The runtime does not know what SupportsFileFormats or IsSlowCapability mean. It just holds them. Defining a schema for your settings UI, tagging slots for routing, marking which plugins the CEO loves: that is all up to you. See Capabilities for the full reader-side story.

  1. Name the feature.

    Pick a short, stable pluginId. Lowercase and underscores age well: notification, sql_language, markdown_preview.

  2. Pick the scope.

    Use SessionPlugin for document/chat/workspace behavior. Use GlobalPlugin for truly shared runtime behavior.

  3. Write the service first.

    Keep it as a normal Dart class unless it needs settings or lifecycle.
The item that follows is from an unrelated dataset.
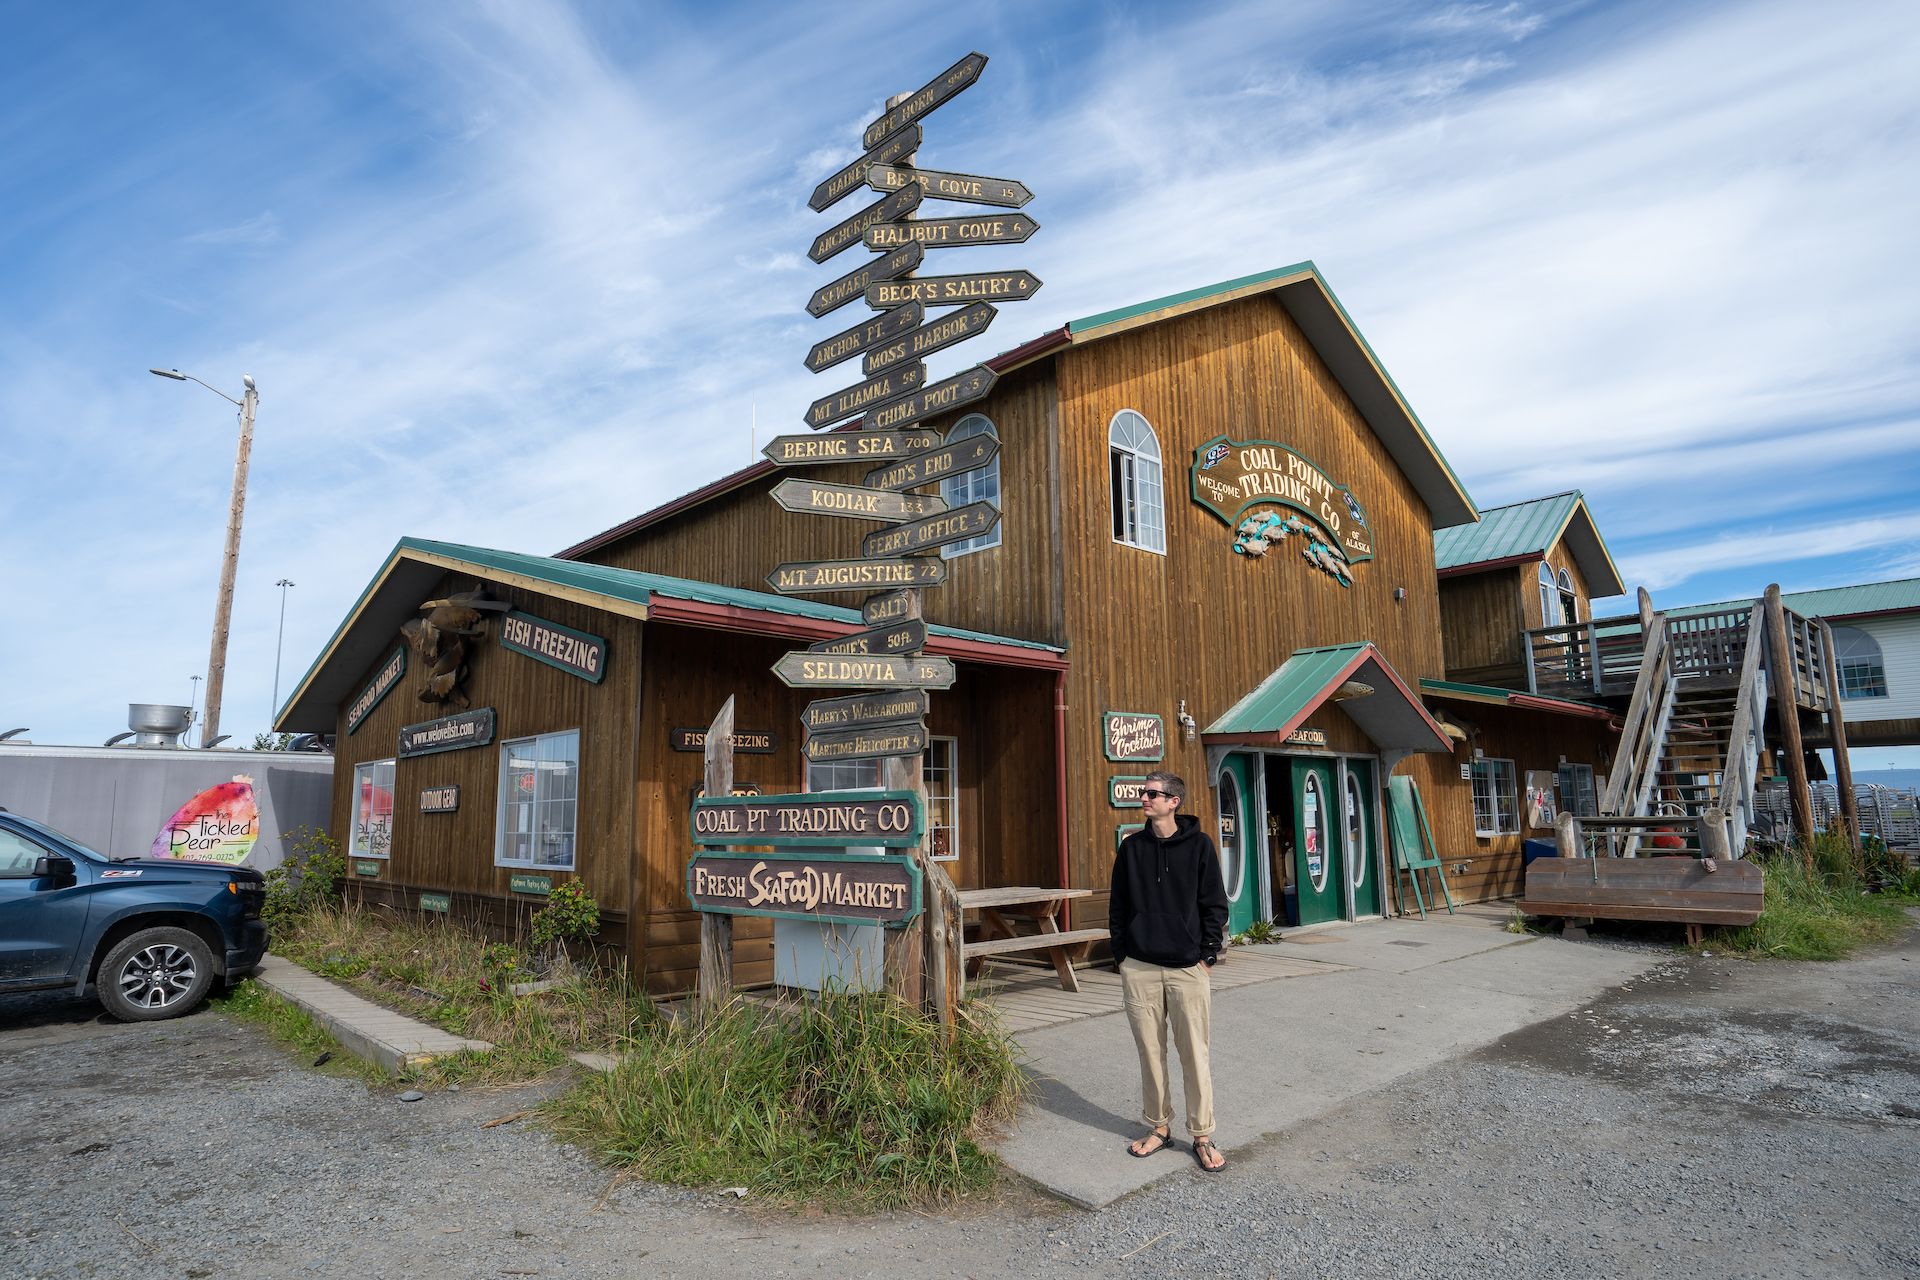 We also walked around the famous “Homer Spit” - a 4.5-mile-long peninsula, formed by a terminal moraine 15,000 years ago, that extends Homer into the Kachemak Bay. The strech of land is mostly filled with souvenir shops.

  4. Register one clear slot.

    Prefer descriptive service ids like notification_service over vague names like service.

  5. Put reactions in a service, not the plugin class.

    Event subscriptions, typed request handlers, timers, and background tasks belong in a StatefulPluginService’s attach(...), where subscriptions are tracked for you. Keep the plugin’s own attach(...) for plugin-wide wiring like peer resolution.

  6. Promote only when needed.

    Reach for PluginService, StatefulPluginService, capabilities, and custom contexts when the feature earns them.